Поэта Георгия Иванова Лариса всегда считала близким приятелем. Однажды он застал Лару за полудетскими поцелуями с морским кадетом - шестнадцатилетним другом дома, с которым дочка профессора Рейснера танцевала на балах в Тенишевском училище. Восхитился, назвал Ларису Психеей, а потом оспаривал у морского кадета право танцевать с нею на Тенишевских балах. Нет, Георгия Иванова, она совершенно не боялась - как можно бояться того, кто посвятил ей акростих и соперничал с кадетом за право проводить ее домой из Тенишевки?
Но эта пара, Боже мой, как же она боялась этой пары! Величественная горбоносая женщина, которая с царственным видом поправляла набивной, в красных розах платок, лежавший на ее плечах поистине римскими складками, а рядом с ней - высокий худой военный с георгиевским крестом на гимнастерке и ироничным взглядом слегка косящих серых глаз... Лариса знала, что это Гумилев и Ахматова, она до дрожи и головокружения обожала их стихи и готова была повторять их часами. Сейчас же ей было смертельно тяжело читать перед этими небожителями свое стихотворение о Медном всаднике, которое она, бывало, с таким вызовом и упоением декламировала перед прогрессивно настроенными друзьями отца. Лариса заранее представляла, как презрительно усмехнется горбоносая дама, а Гумилев непременно скажет: "Она красива, но совершенно не умеет писать стихи...".
В своей тяжелой, властной красоте наследницы остзейских баронов фон Рейснер Лариса никогда не сомневалась, как и в своем предназначении, которое связывала с отцовским журналом "Рудин". Профессор Рейснер назвал журнал в честь героя тургеневского романа, бесполезно, но красиво погибшего на парижских баррикадах. В редакционном обращении к читателям, к которому приложила руку и сама Лариса, "Рудин" был назван "бичом сатиры и карикатуры", призванным заклеймить все безобразие русской жизни. Лариса свято верила в необходимость такого бича и крепко сжимала его в тех самых руках, которые сейчас предательски дрожали.

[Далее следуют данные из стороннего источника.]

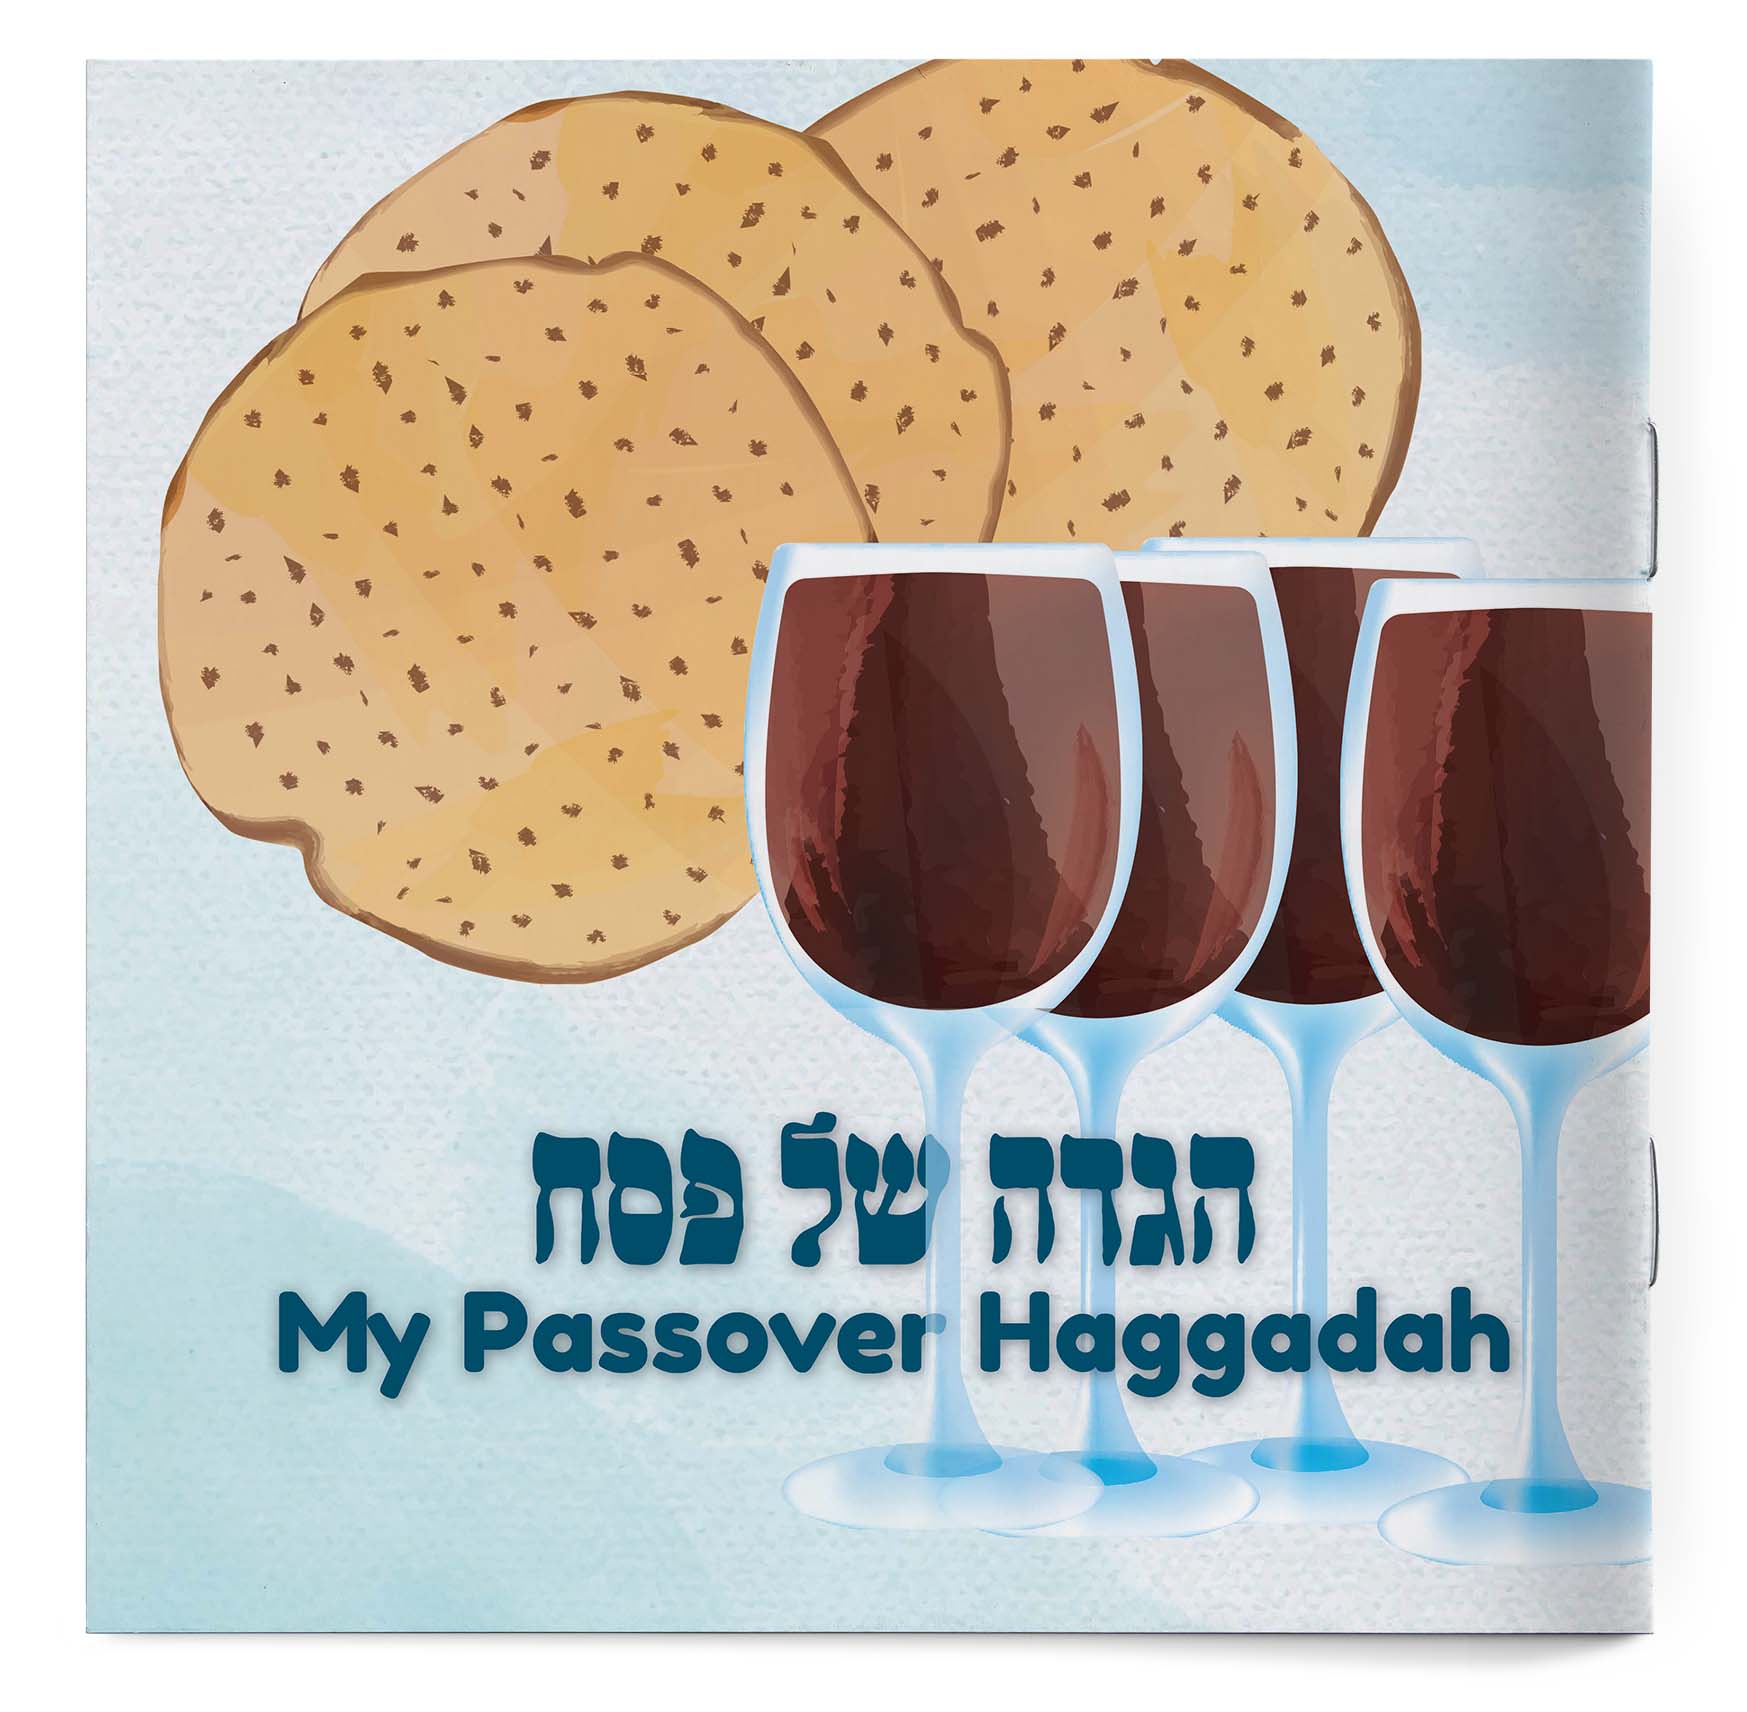 The Haggadah Pamphlet

Она и сама не понимала, почему невыносимый, мешающий дышать страх овладел ею именно в "Бродячей собаке". Должно быть, такой афронт случился потому, что здесь царили стихи. А стихи - это совсем другое, стихия, неподвластная времени и пространству, ожидаемой революции, радикальным лозунгам и призывам... Стихи нельзя было покорить, взять приступом, как ослабевшую крепость, они приходили сами - по превратному зову сердца, по велению сдавшейся им на милость души... Лариса с детства не любила сдаваться на кому-то на милость, она привыкла верховодить, а стихи упрямо не поддавались ей, были выше ее отчаянного напора, и лишь иногда, когда она уставала бороться с рифмами и ритмом, приходили сами. Как это стихотворение о Медном всаднике, которое она собралась прочитать...
Горбоносая дама встала из-за столика и направилась к кулисам. Она как будто кого-то искала, но не нашла, и взгляд ее упал на дрожащие руки Ларисы, перебиравшие складки платья.

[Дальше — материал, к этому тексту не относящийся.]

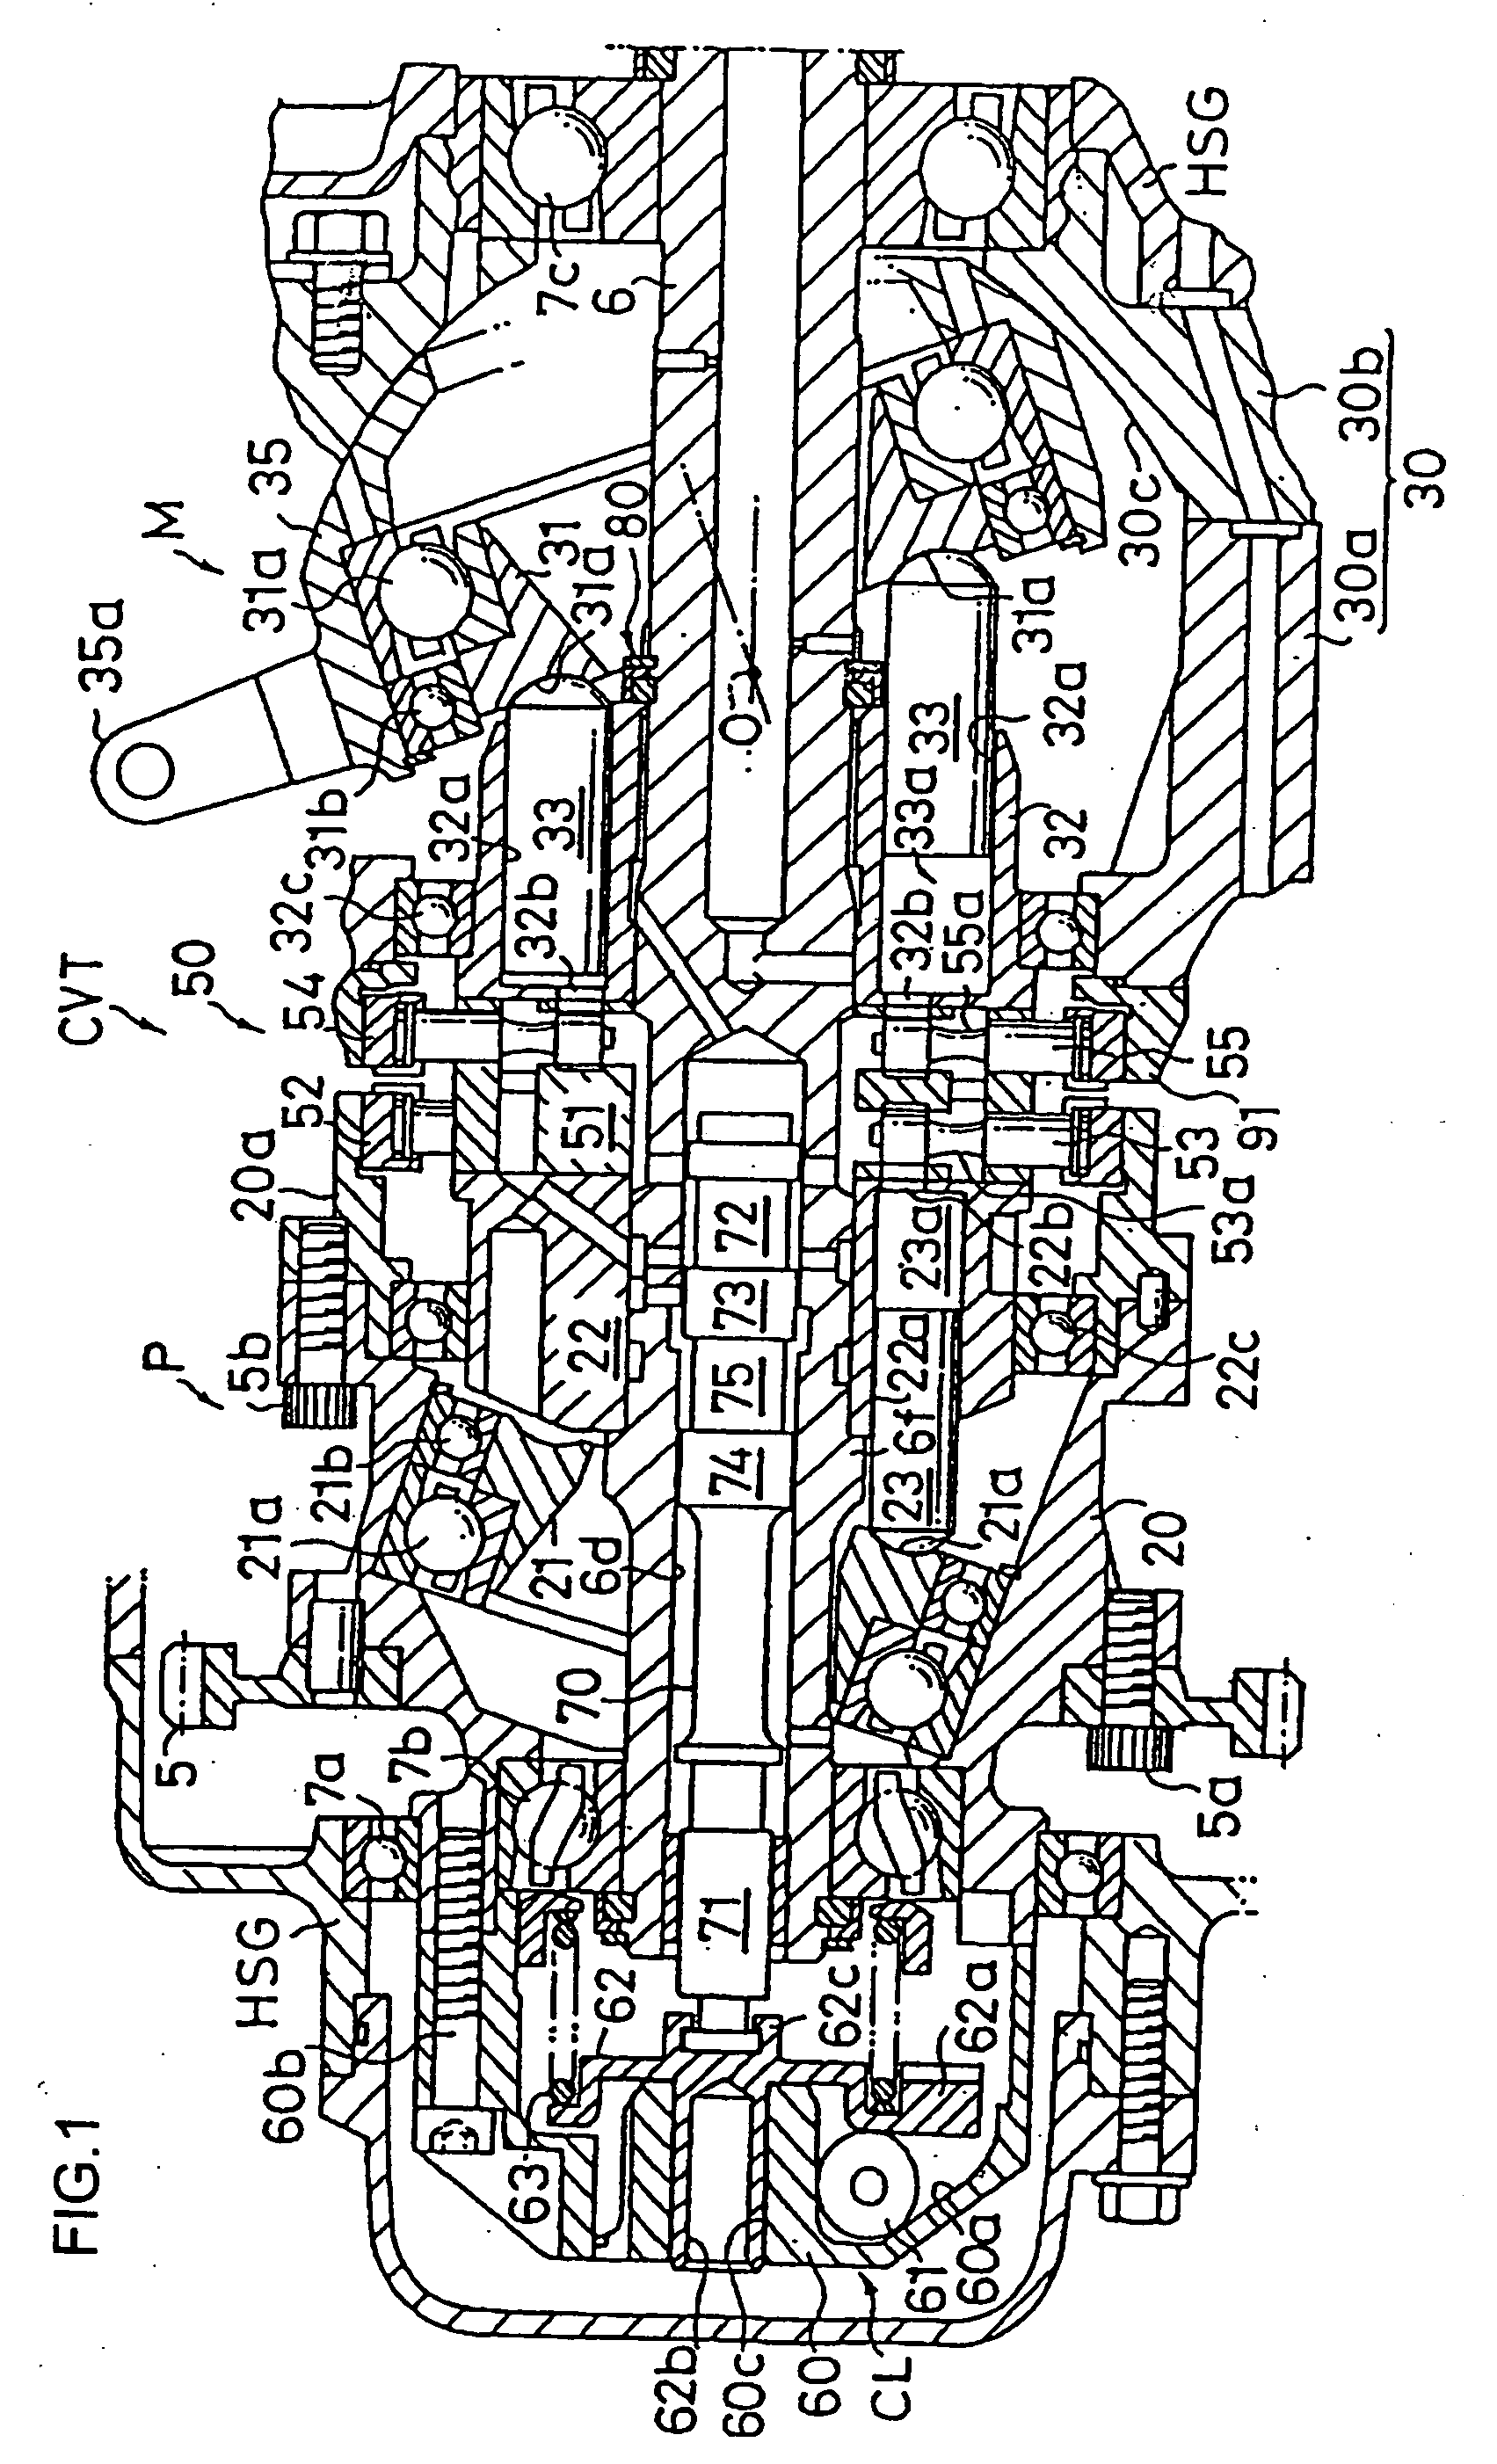 Clutch device for a hydrostatic continously variable transmission

- Многие поэты не любят читать стихи с эстрады, - неожиданно сказала Ахматова. - Я до сих пор делаю это с трудом. Да и вы, кажется, не очень любите это занятие. Одно утешение - выступления длятся недолго.
Эти слова небожительницы приободрили Ларису. Она благодарно улыбнулась и хотела что-то сказать в ответ, но горбоносая дама не стала ее слушать... Ахматова уже нашла того, кого искала, и с радостной улыбкой протянула руку для поцелуя поэту, которого все здесь, словно сговорившись, называли ассирийцем, лучшему в Петербурге знатоку ассирийской клинописи - Вольдемару Шилейко. Шилейко жадно припал к этой вельможной руке губами, и Ахматова вернулась в зал вместе с ним. Лариса услышала собственное имя со снисходительной прибавкой "молодая поэтесса", выпорхнувшее из длинной реплики конферансье. Пытаясь совладать с мучительным спазмом страха, намертво вцепившимся в горло, Лариса вышла на крохотную эстраду и после первых же строк "Медного всадника" почувствовала, как удивленно и растроганно смотрит на нее тот самый военный с георгиевским крестом на гимнастерке, которого она так боялась.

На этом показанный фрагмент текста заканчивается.